|OS grid reference||NX019997|
|Gaelic name||Creag Ealasaid|
|Meaning of name||Elizabeth's rock or Fairy rock|
|Area and summit|
|Area||0.38 sq.mi. (0.99 km²)|
|Highest elevation||1,110 ft (338 m)
|Island group||Firth of Clyde|
|Local Authority||South Ayrshire|
Ailsa Craig (//; Scottish Gaelic: Creag Ealasaid) is an island of 219.69 acres in the outer Firth of Clyde, 10 miles from mainland Scotland, upon which blue hone granite was quarried to make curling stones. The now uninhabited island is formed from the volcanic plug of an extinct volcano.
The island, colloquially known as "Paddy's milestone", was a haven for Catholics during the Scottish Reformation in the 16th century, but is today a bird sanctuary, providing a home for huge numbers of gannets and an increasing number of puffins.
The island is owned by The 8th Marquess of Ailsa, but since May 2011 has been up for sale. By March 2013 the asking price was for offers over £1,500,000, down from the original asking price of £2,500,000.
An early reference to the rock is made by Sir Donald Monro, Archdeacon of the Isles who referred to the rock as "Elsay" in the 16th century. The modern name of the island is an anglicisation of the Gaelic, Aillse Creag meaning "fairy rock". An alternative Gaelic name is Creag Ealasaid meaning "Elizabeth's rock". The first element, Aillse may represent Allt Shasann, "cliff of the English", mentioned in the Book of Leinster as Aldasain.
The island is sometimes known as "Paddy's Milestone", being approximately the halfway point of the sea journey from Belfast to Glasgow, a traditional route of emigration for many Irish labourers coming to Scotland to seek work.
- A' Chreag: "the rock"
- Creag Alasdair: "Alasdair's rock"
- Ealasaid a' Chuain: "Elizabeth of the ocean"
- Carraig Alasdair: "Alasdair's Rock" (used in the Madness of Sweeney, the tale of a legendary king of Ireland).
Geography and geology
The island, which is located approximately 10 miles (16 km) west of Girvan, is 2 mi (3.2 km) in circumference and rises to a height of 338 m (1,109 ft).
Geologically Ailsa Craig is the remains of a volcanic plug from an extinct volcano. It stands out because all younger sedimentary rocks covering Southwest Scotland have long since been eroded away. But the island survived erosion because it is composed of much harder igneous rocks from the Palaeogene era (65,000,000 years ago). The plug, which is composed of granite, is all that remains from the massive volcanic activity which accompanied the continental drift that formed the Atlantic Ocean. Dykes of similar age can be found in Scotland through other older rocks such as the extensive Cleveland and Eskdalemuir dykes.

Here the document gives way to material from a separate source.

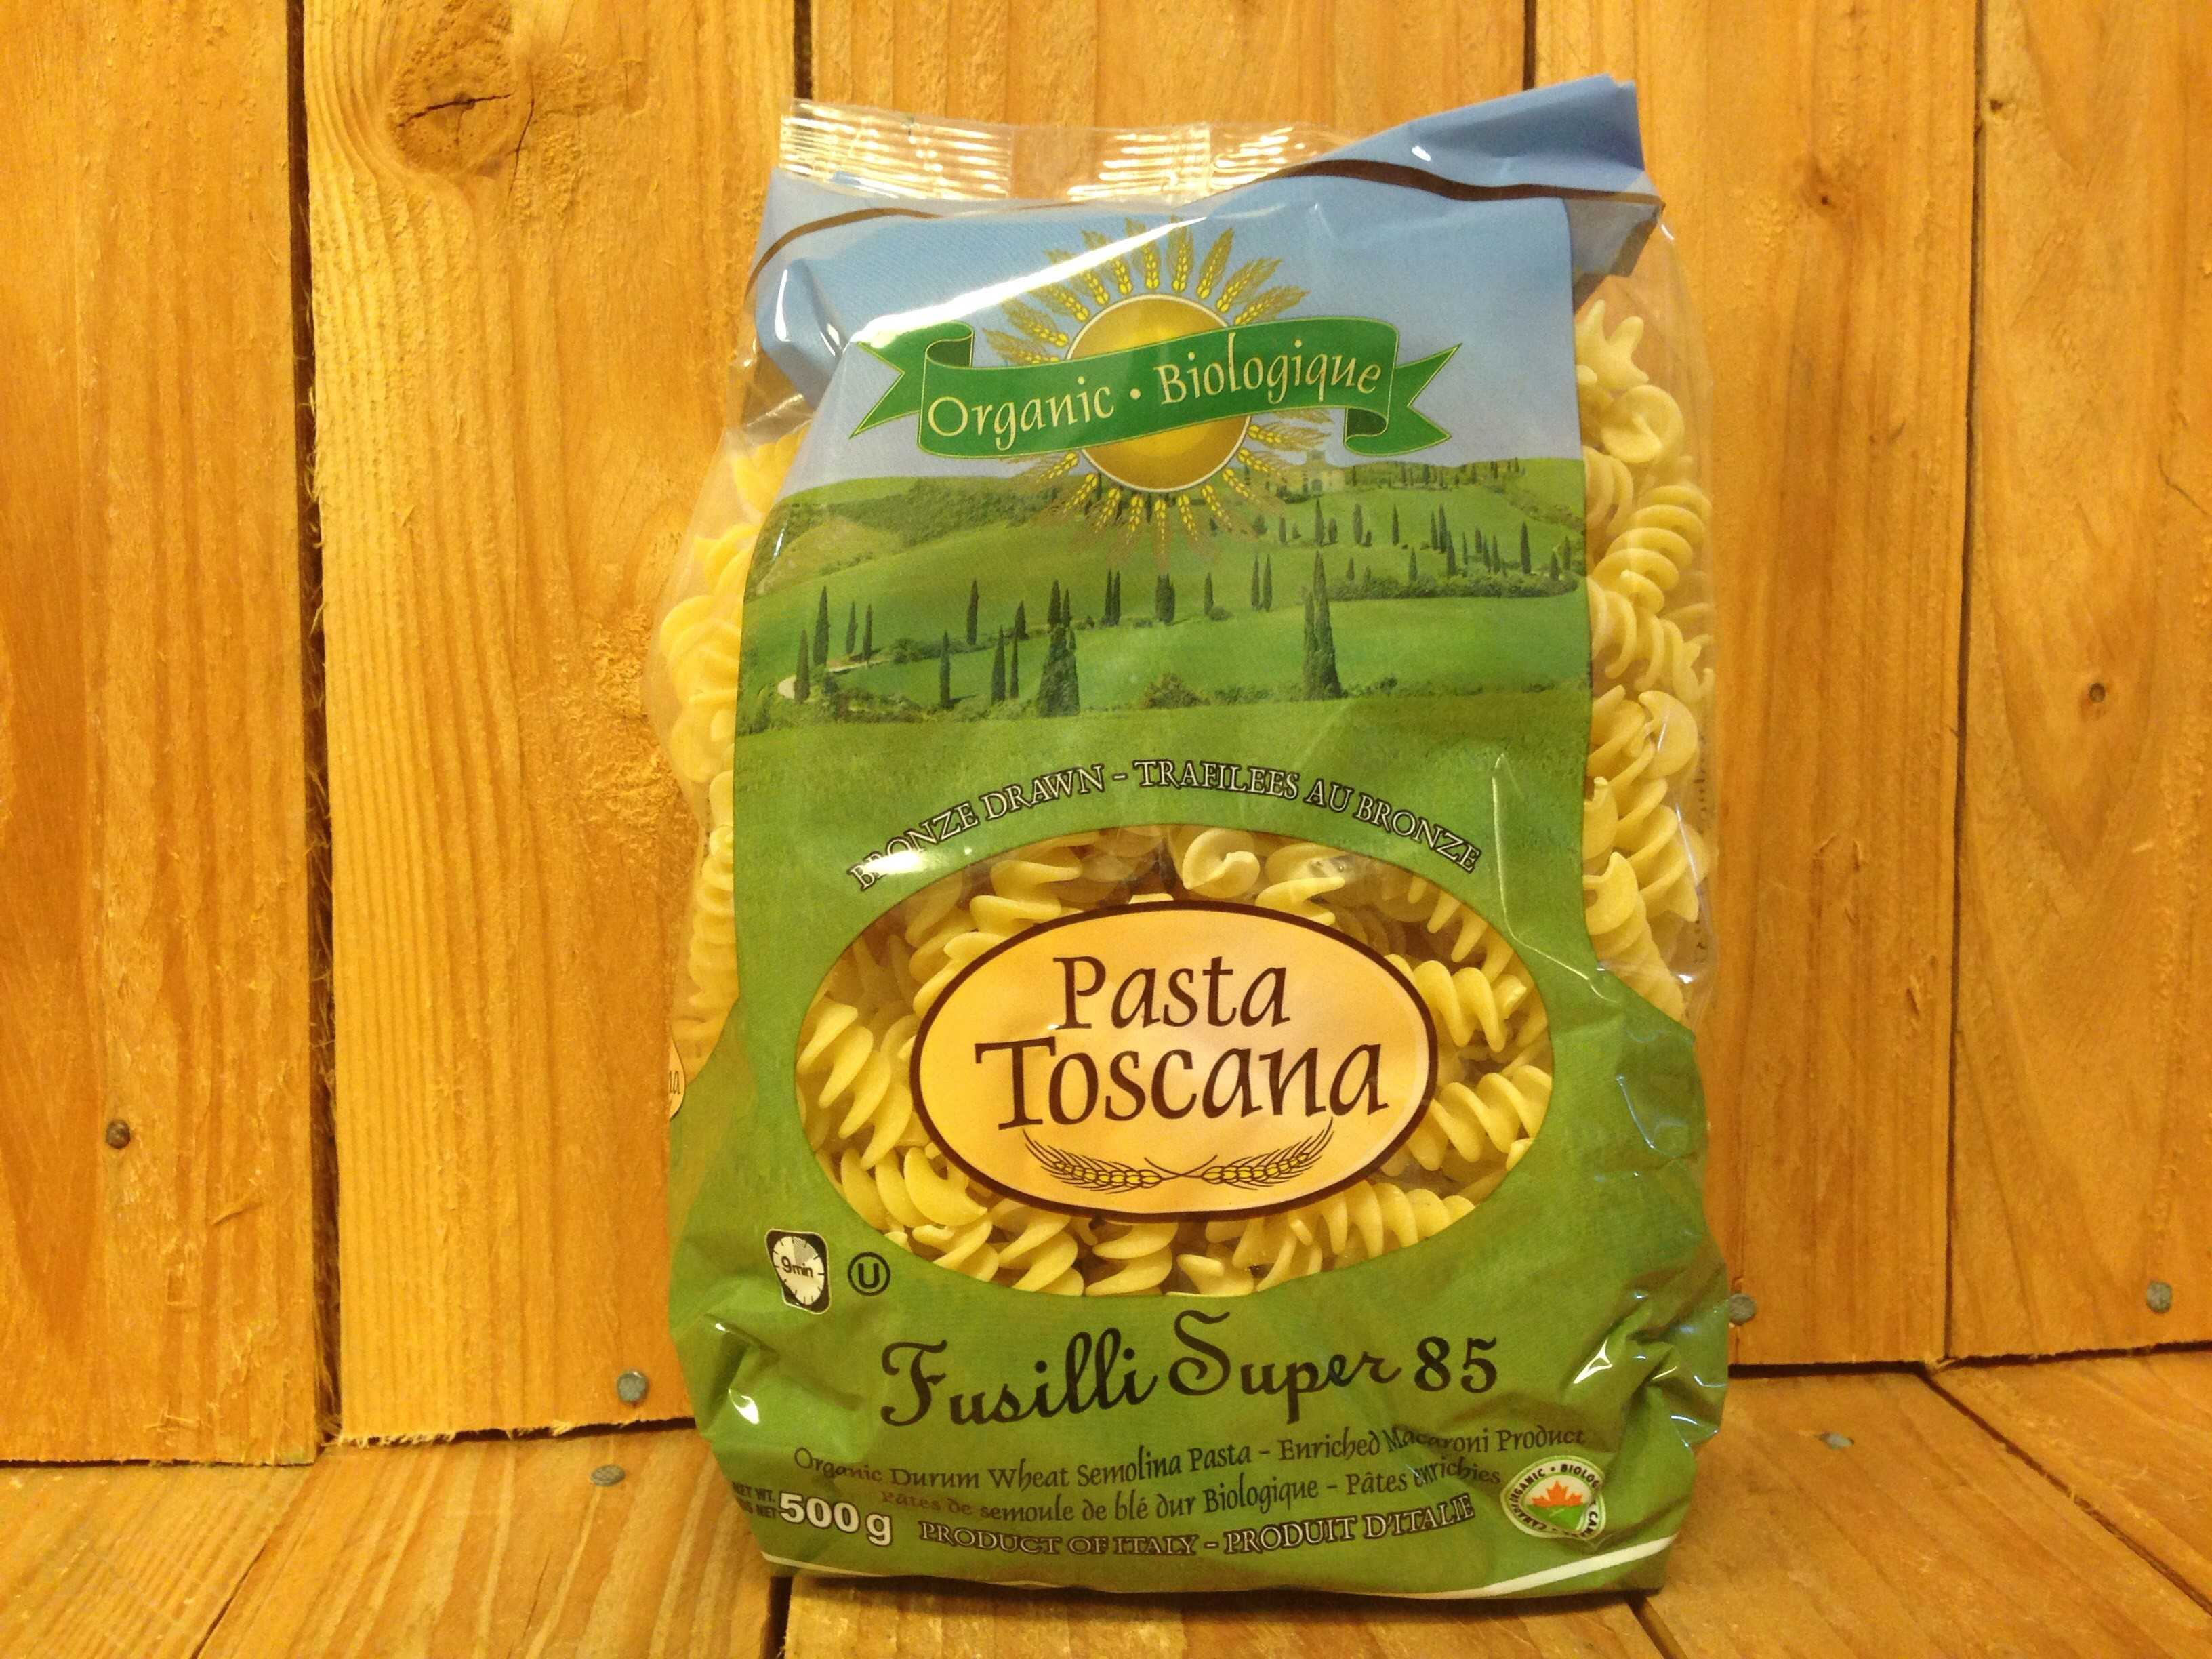 Pasta Toscana – Organic Fusilli – Durum Wheat (500g Bag)

Though only a few metres across, these volcanic dykes can be traced all the way from northern England back to an ancient supervolcano on the Isle of Mull.
Research has shown that the granite on Ailsa Craig has an unusual crystalline composition that has a distinctive appearance but a uniform hardness. These properties have made the island's rock a favourite material for curling stones.
Facilities and ownership
The island has a fresh water spring but no electricity, gas, sewage or telephone connections. The island currently belongs to The 8th Marquess of Ailsa. In May 2011 it was announced that the island was for sale; originally given an asking price of £2,500,000, as of March 2013, the current asking price is for offers over £1,500,000.
Four cottages, a shed and a small area of adjacent land are in the ownership of the Scottish Indian business tycoon Bobby Sandhu, purchased for £85,000 from the Northern Lighthouse Board. A five-star hotel was to be built however planning regulations prevented this development.
The only surviving buildings on the island are the lighthouse on its east coast facing the Scottish mainland, a ruined towerhouse, that was built by Clan Hamilton to protect the area from King Felipe II of Spain in the 16th century and the old quarry managers house that is used by the RSPB.
Mrs Margaret Girvan ran a tearoom in a wooden building that stood next to the tacksman's cottage, famed for its pristine white table cloths and fresh scones. Mrs Girvan kept goats in stone-built goat rees or pens on the good grazing near Garry Loch. The feral billy goats were wont to interfere with these nanny goats and this was another reason for their demise.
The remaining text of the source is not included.